Encoder-Decoder Attention

Encoder-Decoder Attention is a mechanism used in Seq2Seq tasks (e.g., translation, summarization) to transform an input sequence into an output sequence. It combines Self Attention within the encoder and decoder blocks each, and then cross-attention between the encoder and decoder

Encoder

Encoder:

• The Encoder Portion is completely described in Summary of Self Attention Encoding
• TLDR;
  • The encoder processes the input sequence and generates a sequence of hidden states that represent the context of the input
  • Each encoder block consists of:
    • Input Embedding:
      • The first encoding layer typically uses positional encoding + static embeddings from Word2Vec or GLoVE
    • Self Attention Layer:
      • Allows each token in the input sequence to attend to other tokens in the sequence
      • This captures relationships between tokens in the input
      • Feed Forward Layer:
        • Applies a fully connected feed-forward network to each token independently
        • Typically two linear transformations with a ReLU/GeLU in between: FFN(x) = max(0, xW₁ + b₁)W₂ + b₂
    • Residual Connection + LayerNorm
      • Add input / output of layer, and then normalize across vector
  • The output of each encoder block is passed to the next encoder block as input, and the final encoder block produces the contextual embeddings for the entire input sequence
    • These are further transformed into K, V contextual output embeddings
  • This confused me at first, but basically the output of an encoder block is same dimensionality as word embedding input, so it can flow through
  • This is usually known as d_model
• This allows us to stack encoder blocks arbitrarily
• Architecture:
  • Composed of multiple identical blocks (e.g., 6 blocks by default, but this is a hyperparameter)
  • Each block contains:
    • Self Attention Layer: Captures relationships within the input sequence
    • Feed Forward Layer: Processes each token independently
  • 

Encoder Complexity

Encoder complexities here are the same as self attention complexity

$O(Sd^2 + S^2 d)$

It's based on the $S$ sequence length, and projection dimensions $d$

Decoder

Parameters:

• $S$ = encoder length
• $T$ = decoder length
• $d$ = model dimension
• $h$ = # of heads
• $d_k = d / h$

So inside of the masked self attention layer:

• $Q_{\text{dec}} \in \real^{T \times d_k}$
• $K_{\text{dec}} \in \real^{T \times d_k}$
• $V_{\text{dec}} \in \real^{T \times d_k}$

Inside cross-attention layer:

• $Q_{\text{cross}} \in \real^{T \times d_k}$
• $K_{\text{enc}} \in \real^{S \times d_k}$
• $V_{\text{enc}} \in \real^{S \times d_k}$

The decoder generates the output sequence one token at a time, using both the encoder's output and its own previous outputs.
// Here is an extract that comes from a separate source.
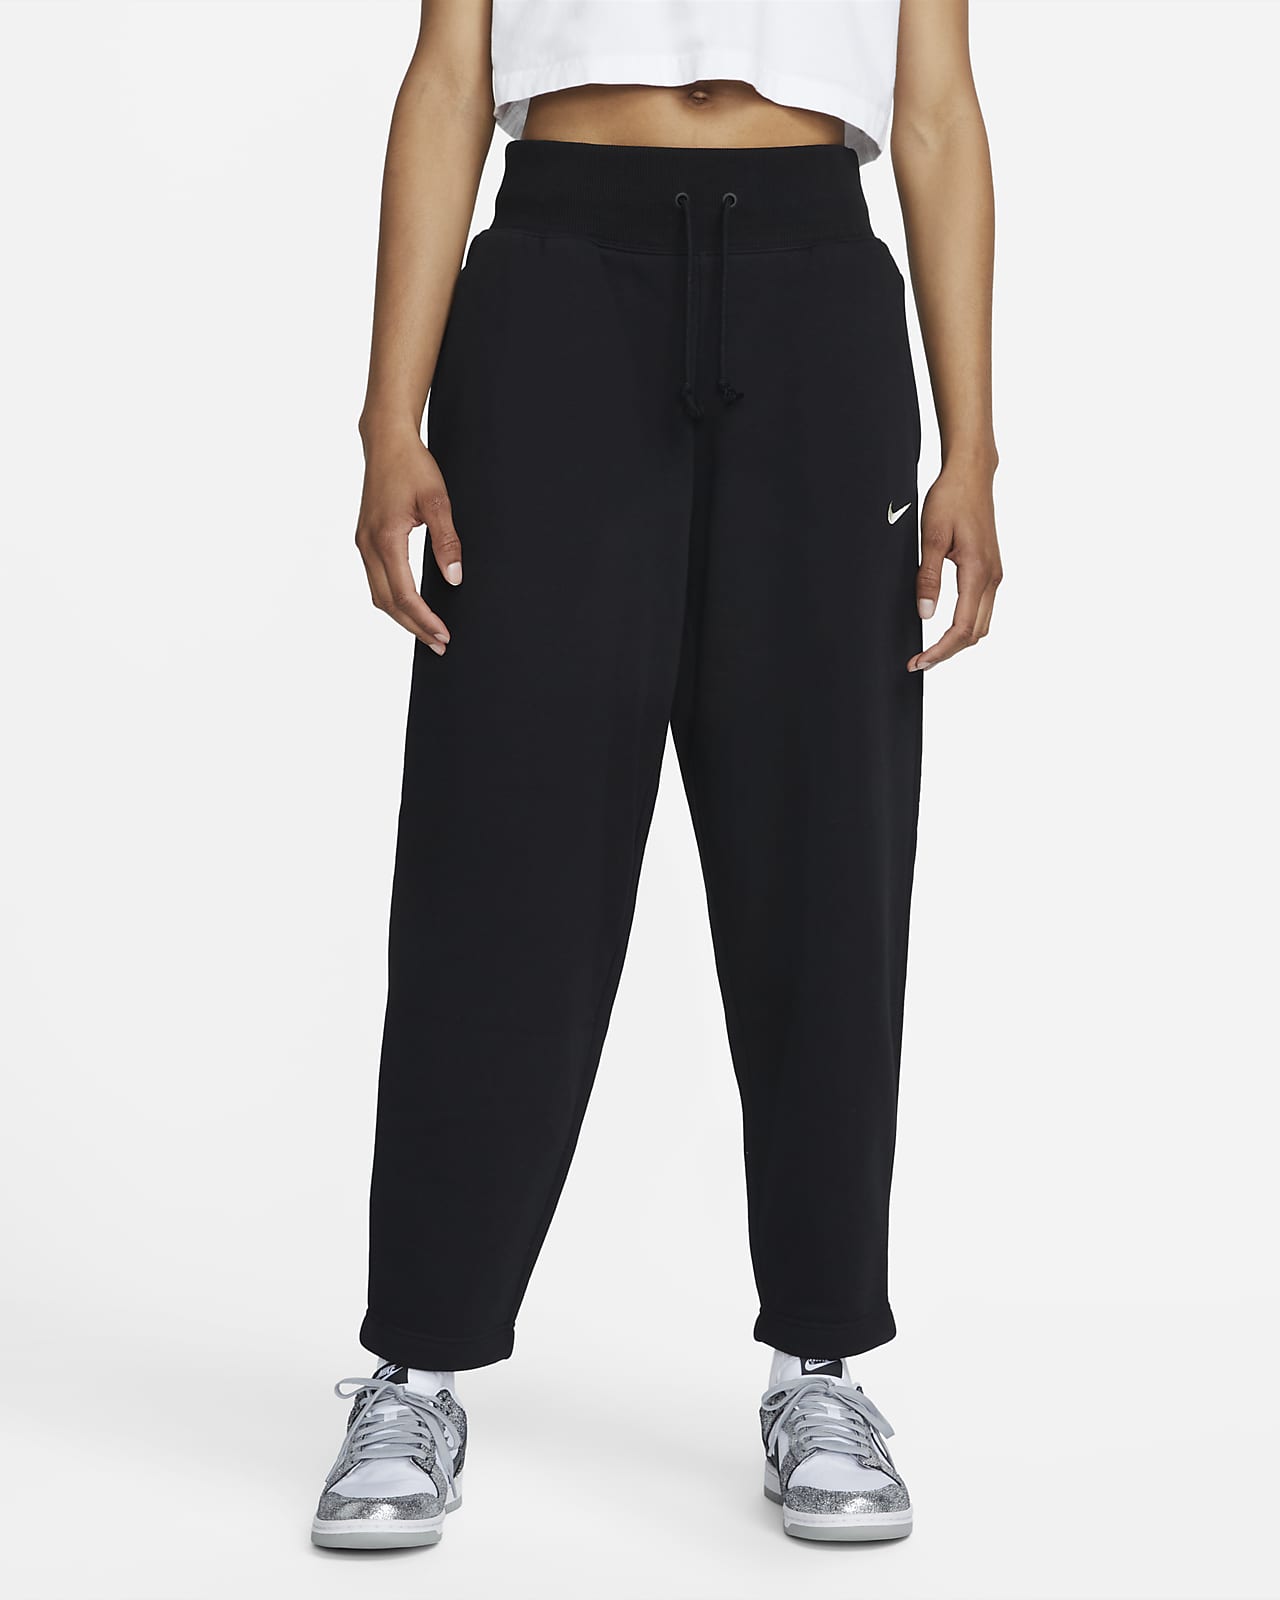 Nike Sportswear Phoenix Fleece Jogger de talle alto curvo de 7/8 - Mujer
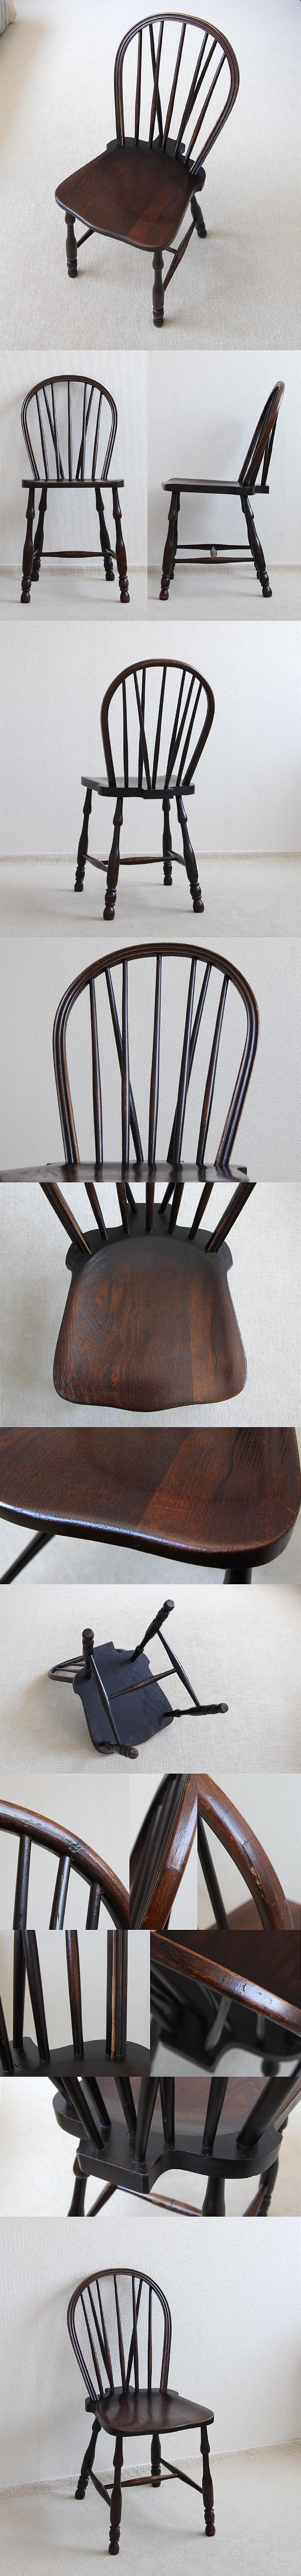 イギリス アンティーク キッチンチェア 木製椅子 ウィンザー 無垢材 家具「ボウバックチェア」V-660

Each encoder, and specifically the last one, outputs a hidden state matrix $H \in \real^{S \times d}$ that's the size of the sequence $S$ and the projected attended to embeddings (i.e. for each input in $S$, we have a vector of size $d$). Afterwards, each decoder block will apply masked self-attention over the encoder input and the previous decoder outputs, which allows it to auto-regressively focus on it's past output words to predict the next word

• Input:
  • The contextual embeddings output from the final Encoding Layer
    • These K, V contextual output embeddings are passed to each Decoder block
    • For cross-attention, the decoder applies it's own learned $W_K, W_V$ to that encoder output
    • Keys and Values are re-projected in each decoder layer
  • The previous Decoder block(s) output (previously generated word)
• Each decoder block consists of:
  • Masked Self Attention Layer:
    • Allows each token in the output sequence to attend to previously generated tokens in the sequence (auto-regressive behavior)
    • Future tokens are masked to prevent the model from "cheating" by looking ahead
    • So self-attention only happens from words on the left, not all Keys
    • Query: Current token's embedding
      • For the first layer this is the embedding $E x_i$ from our actual input
      • For deeper decoder layers, this is from the decoders previous output
    • Key and Values: All already generated words to the left
    • Similar to self-attention except you ignore all to the right
  • Encoder-Decoder Attention Layer:
    • Attends to the encoder's output (contextual embeddings) to incorporate information from the input sequence
    • Query: Comes from the decoder's self-attention output
    • i.e. it's the decoder's current representation of a token after masked self-attention
    • Key and Values: Encoder's output for each input token
  • Feed Forward Layer:
    • Applies a fully connected feed-forward network to each token independently
• Architecture:
  • Composed of multiple identical blocks (e.g., 6 blocks by default).
  • Each block contains:
    • Self Attention Layer: Captures relationships within the output sequence
    • Encoder-Decoder Attention Layer: Incorporates information from the encoder's output
    • Feed Forward Layer: Processes each token independently
• Example:
  • Input sentence has 5 words in total
    • Remember, the encoder put out 5 total vectors, one for each input word
  • Let's walk through the third word in the decoder output, meaning the first two have already been generated
  • Decoder Self Attention
    • Input: The embeddings for the first, second, and third generated tokens so far
      • The query is the input embedding (same one fed to encoder) for the 3rd word
      • K,V are the input embedding (same one fed to encoder) for the 1st and 2nd words so far
    • Masking: The self-attention is masked so the third position can only "see" the first, second, and third tokens (not future tokens)
    • What happens: The third token attends to itself and all previous tokens (but not future ones), using their embeddings as keys and values
  • Encoder Decoder Cross Attention
    • Input: The output of the decoder’s self-attention for the third token (now a context-aware vector), and the encoder’s output for all input tokens
    • Q, K, V:
      • The query is the third word's attended to vector (after self-attention and residual/LayerNorm in decoder)
      • The keys and values are the encoder’s output vectors for each input token (these are fixed for the whole output sequence)
    • What happens The third token’s representation attends to all positions in the input sequence, using the encoder’s outputs as keys and values

3. Final Decoder Output:
   • The final decoder layer produces a vector of floats for each token, which is passed through:
     • A linear layer to expand the vector to the vocabulary size
     • A softmax layer to produce a probability distribution over the vocabulary for the next token

Decoder Complexity

The decoder is more complicated than the encoder!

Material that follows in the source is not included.